Jumeirah CEO Katerina Giannouka Leaves the Hotel Group


Skift Take

Katerina Giannouka leaves her post as CEO after a little over a year.

Josh Corder

Katerina Giannouka has left Jumeirah Group one year into her time as CEO, confirms an internal document seen by Skift. The document is attributed to Jumeirah’s owning company Dubai Holding group CEO Amit Kaushal and was circulated to leaders in the organization.

“I wanted to share an important update at Jumeirah Group. “Today, Katerina Giannouka sadly steps down as Chief Executive Officer, taking time to address some family matters before embarking on new opportunities outside of the Group,” reads the letter signed by Kaushal.

The letter also mentions that Giannouka will remain in Dubai “in the immediate future.”

Commenting on her departure, Giannouka, said: “It has been an honor to work with Jumeirah Group and Dubai Holding, and to have put in place the foundations for accelerated growth through 2030 and beyond. I extend my best wishes to Jumeirah and the entire team’s continued success.”

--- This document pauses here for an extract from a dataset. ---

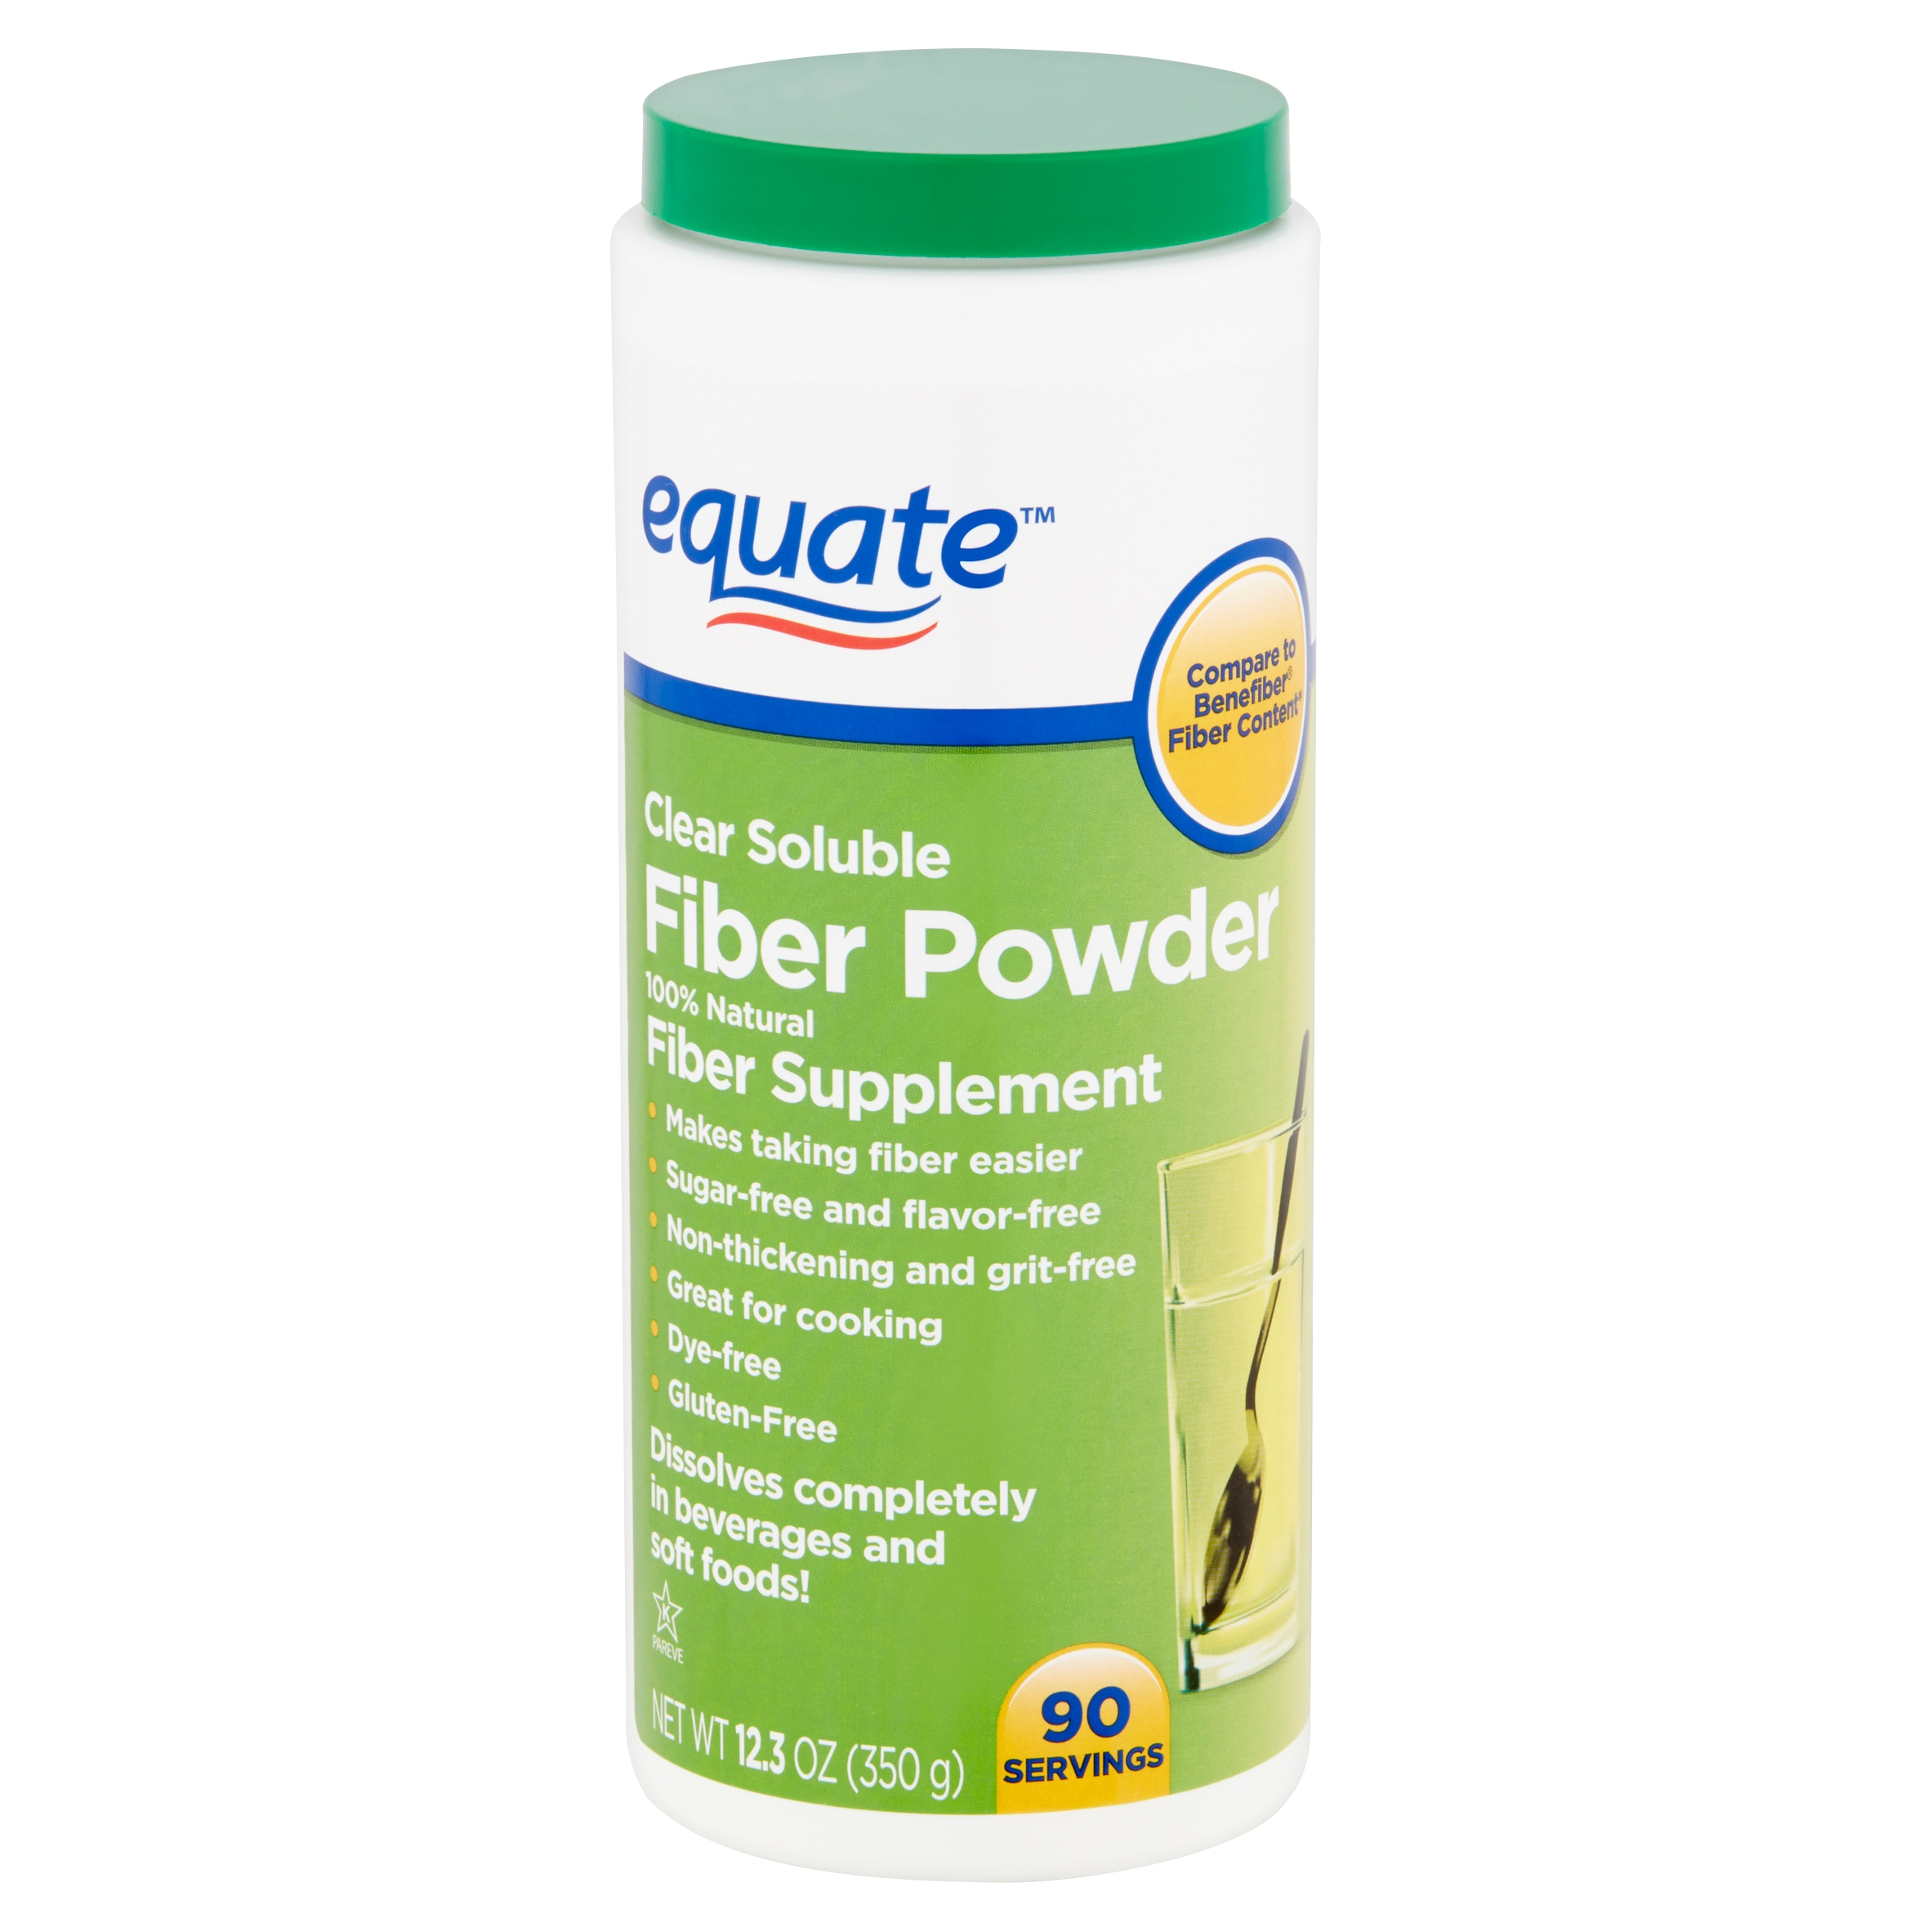 Equate Clear Soluble Fiber Powder 12 3 Oz Walmart Com Walmart Com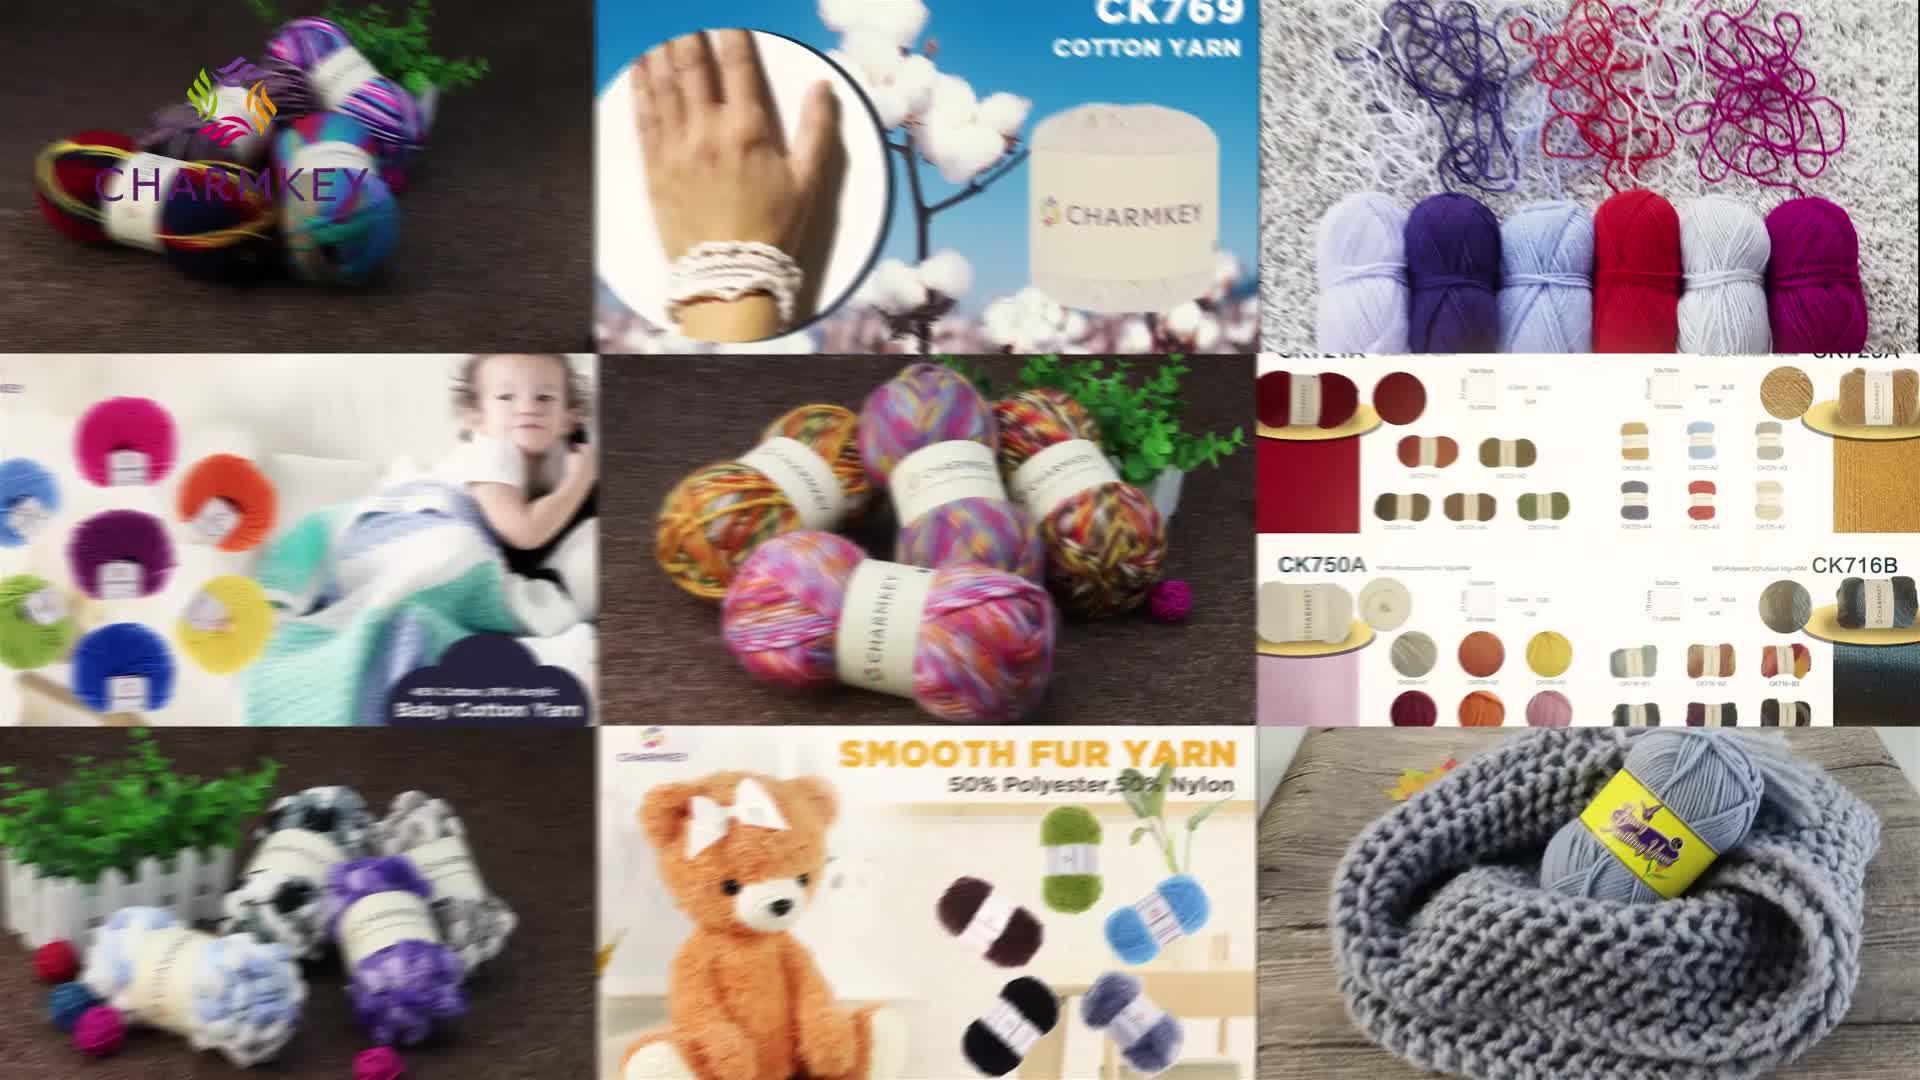 China Wholesales Charmkey 100% Nylon Mohair Yarn Hand Knitting Yarn for Sweater and Scarf

With Giannouka departing, Thomas B. Meier is again the most senior member of the company, having been chief operating officer since 2021. The letter mentions that Meier will serve as interim CEO, just as he did when previous CEO Jose Silva left, until a replacement is found.

The group is expected to release a statement on Tuesday morning.

Katerina Giannouka’s Career

Giannouka officially joined Jumeirah in December 2022, taking on the state-owned company rights after Silva’s surprise exit from the company.

Giannouka joined the luxe operator from Radisson, where she was Asia Pacific president from 2017. Before that, she was a development vice president for Rosewood across Asia Pacific and China.

At the time of her hiring, she was Jumeirah’s first female CEO and one of the few female executives in the industry.

During her brief tenure, she set out to double the group’s portfolio, notably focusing more on signing hotels outside of the United Arab Emirates. Her predecessors had similar goals, but she set out to double the group’s footprint by 2030 and turn it into a global brand.